For Diana, the closure of her clinic meant no access to the daily antiretroviral pills that suppress her HIV, risking a resurgence of the virus. Symptoms like weakness, fatigue, and rashes—classic signs of uncontrolled HIV—began to emerge among affected patients in Chondwe’s community. “It brought back what we felt [in the 1980s and ‘90s]: despair, hopelessness,” Chondwe told NPR, recalling the loss of his twin sister to AIDS.

On February 20, 2025, Chondwe spent hours frantically contacting acquaintances, including a desperate WhatsApp message to epidemiologist Susan Hillis in Thailand, to find medication for Diana. “I called the whole night … I slept around 3 a.m.,” he recounted. His efforts paid off when a Zambian government representative, prompted by NPR’s April 2025 coverage of the crisis, contacted Chondwe to assist. Diana was registered at a government hospital, securing her access to life-saving drugs.

Background: The Impact of U.S. Aid Cuts

The U.S. stop work orders, part of a broader foreign aid reduction under President Trump’s administration, disrupted billions in international health programs, per a June 13, 2025, WBHM report.
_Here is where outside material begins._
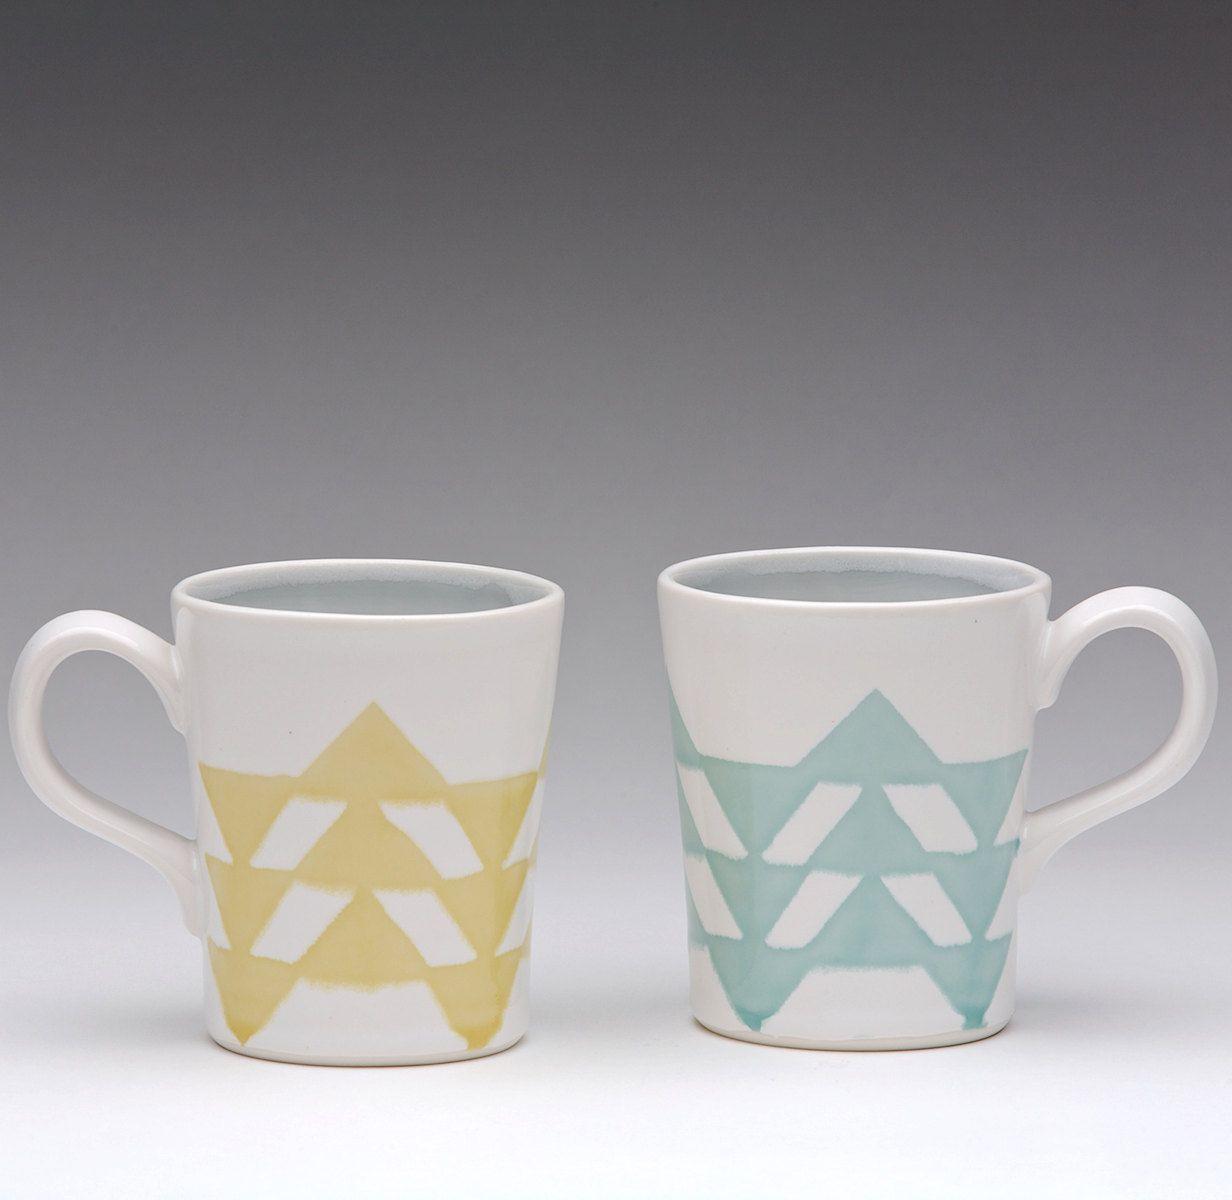 Triangle Mugs

In Zambia, where 1.2 million people live with HIV, U.S.-funded clinics provided critical support through programs like PEPFAR (President’s Emergency Plan for AIDS Relief). The sudden closures left thousands without medication, echoing the AIDS crisis of decades past when treatment was scarce.
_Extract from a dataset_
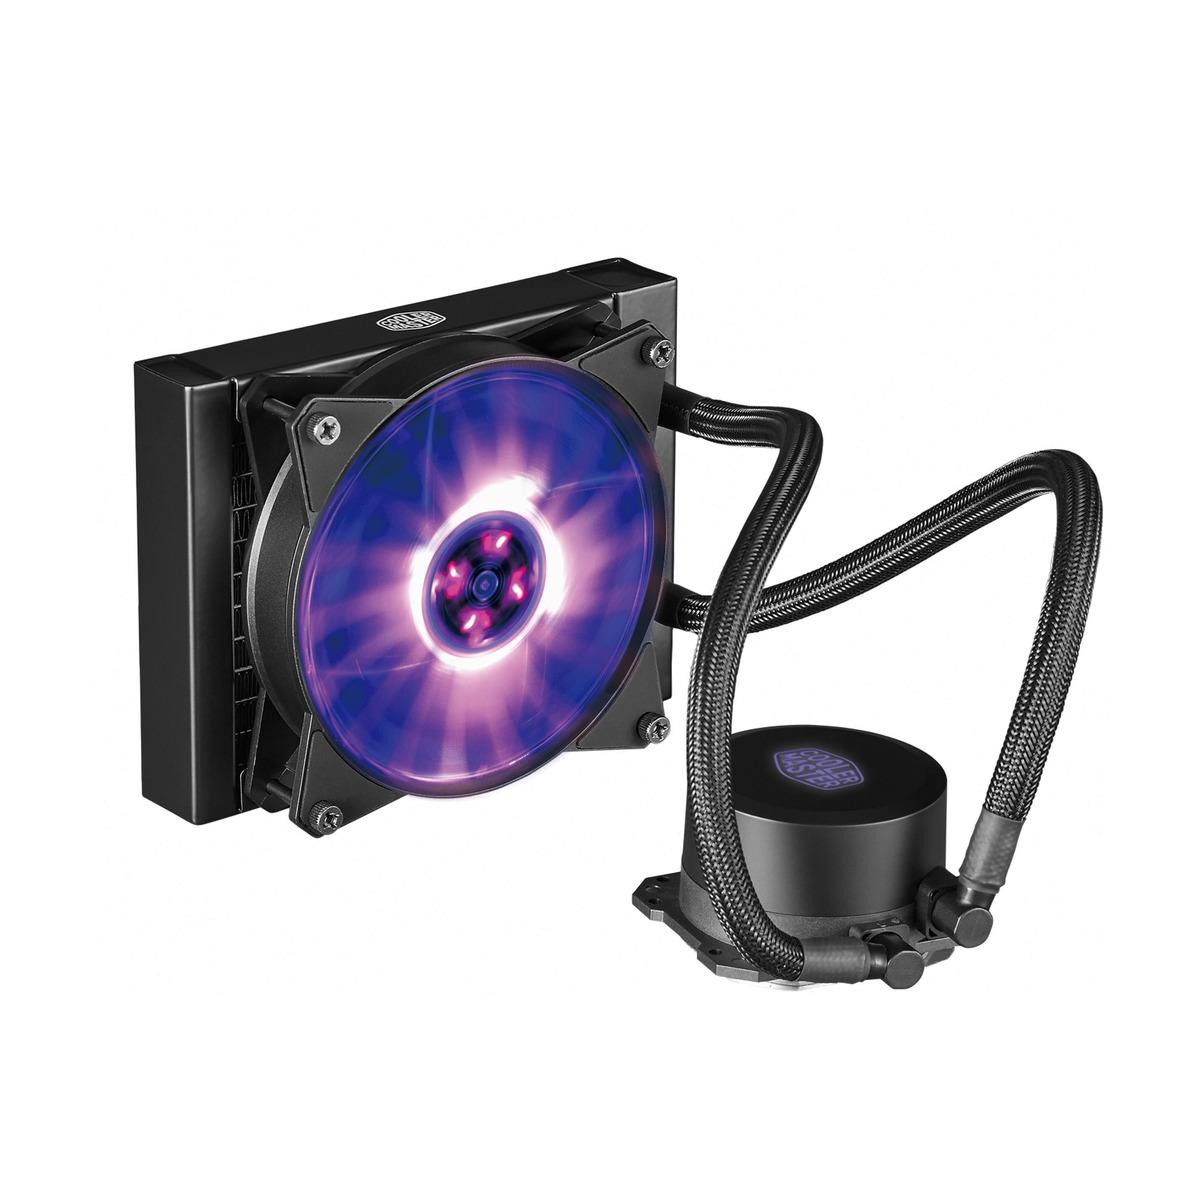 Cooler Master MasterLiquid ML120L RGB vannkjøling

Zambia’s HIV prevalence, at 11% of adults, makes access to antiretrovirals a lifeline. Without them, patients face immune system collapse, opportunistic infections, and death. The Zambian government has since stepped in, but resources are strained, with some clinics turning away patients due to shortages, as noted in NPR’s coverage.

Pastor Chondwe’s role reflects a broader trend of community leaders filling gaps left by policy changes. He and his wife, Catherine Nanyangwe Chondwe, have cared for over 15 orphans, often housing them in their kitchen or sitting room, demonstrating a personal commitment to those affected by HIV/AIDS.

Voices of Resilience

Chondwe’s determination transformed despair into hope. “We are welcomed and we are helped,” he told NPR in August 2025, praising the Zambian government’s response. Susan Hillis, who received Chondwe’s plea, expressed relief at Diana’s outcome but fear for others, stating, “She’s going to live, but how many others are still at risk?”

The crisis has drawn attention to the fragility of global health aid. “Cuts to programs like PEPFAR don’t just disrupt systems—they disrupt lives,” said Dr. Aisha Patel, a global health expert at Johns Hopkins University. “Community leaders like Pastor Chondwe are critical, but they can’t replace sustained funding.”

Impact and Next Steps

The U.S. aid cuts could have long-term consequences, with experts warning of rising HIV transmission rates if access remains limited. In Zambia, government hospitals are scaling up efforts, but funding gaps persist. For Diana, now receiving treatment, the immediate danger has passed, but her case underscores the need for stable healthcare infrastructure.

Individuals can support organizations like the Global Fund or local Zambian NGOs to bolster HIV care. Advocacy for restoring U.S. aid is also critical, with groups like amfAR urging Americans to contact policymakers. For those affected, Chondwe advises, “Keep pushing, keep asking—someone will listen.”

Conclusion: A Call for Solidarity

Pastor Billiance Chondwe’s fight to secure HIV medication for Diana Lungu amid U.S. aid cuts is a testament to the power of community resilience. While Diana’s story has a hopeful ending, thousands still face uncertainty. The takeaway for Americans: global health is interconnected, and supporting stable aid programs can save lives like Diana’s, ensuring no child is left to face HIV alone.